More Evidence that Correlations Haven't Really Changed

Recently we highlighted an article from Mark Hulbert that detailed why talk of a new era of higher correlations among stocks is misguided. Now, The Wall Street Journal’s Jason Zweig offers more data showing that, when it comes to the correlation of the U.S. market with other markets, perception and reality are very different. 

Zweig say that according to data from global stock index tracker MSCI,  the average monthly correlation of the U.S. with the other countries in the MSCI World Index is 0.80, which seems fairly high. But it’s not high compared to the past — at the end of April, shortly before global markets peaked, it was 0.81, Zweig says; at the end of 2010, it was 0.82; in March 2009, it was 0.87. The average for the past ten years: 0.78. “So, while U.S. stocks are moving very much in tandem with those of other markets,” he says, “they are less linked than they have been in the recent past.”

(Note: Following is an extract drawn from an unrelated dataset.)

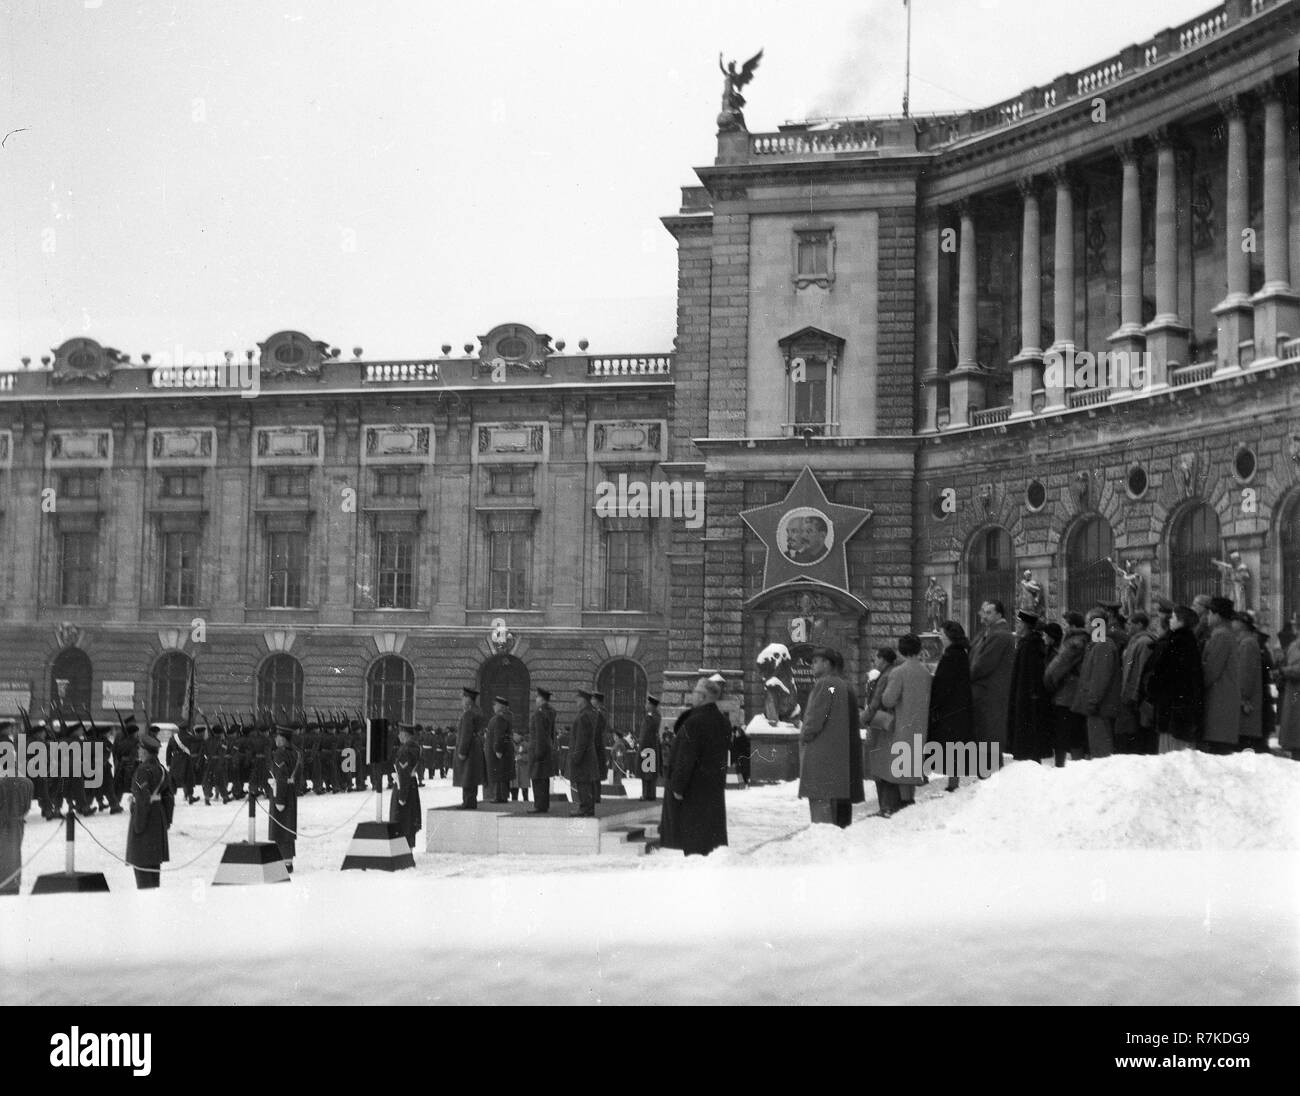 Il dopoguerra Vienna durante l'occupazione alleata changhing mensile della guardia a Vienna Austria presso il Palazzo Imperiale Hofburg di Vienna Wien nel 1947 Foto Stock

So why does it feel like markets across the globe have been moving up and down in lockstep lately? Zweig says a recent study may shed some light on that. “Calculating correlations might seem like a task that could be carried out only in the most ‘rational’ areas of the brain,” he explains. “But it turns out that humans process relationships among variables in a region of the brain called the insula, which processes visceral reactions like disgust and pain. The study also suggests that people learn best about correlation by focusing on long-term trends or sequences, rather than on isolated, salient events. Thus, a handful of data points like the market moves of the past few days can distort our impressions of how correlated the world’s financial assets have become.”

(The study, titled “Hedging Your Bets by Learning Reward Correlations in the Human Brain”, can be found here.)

Still, Zweig says that doesn’t mean correlations won’t get higher, with the U.S. and many European countries facing very similar problems — namely debts and deficits. Those issues make inflation and currency weakness risks for investors. One way to protect against those risks, he says, is by investing in U.S. utilities, which tend to have minimal revenue outside the U.S., and whose prices charged “tend to move upward at a fairly steady pace regardless of inflation or interest rates”.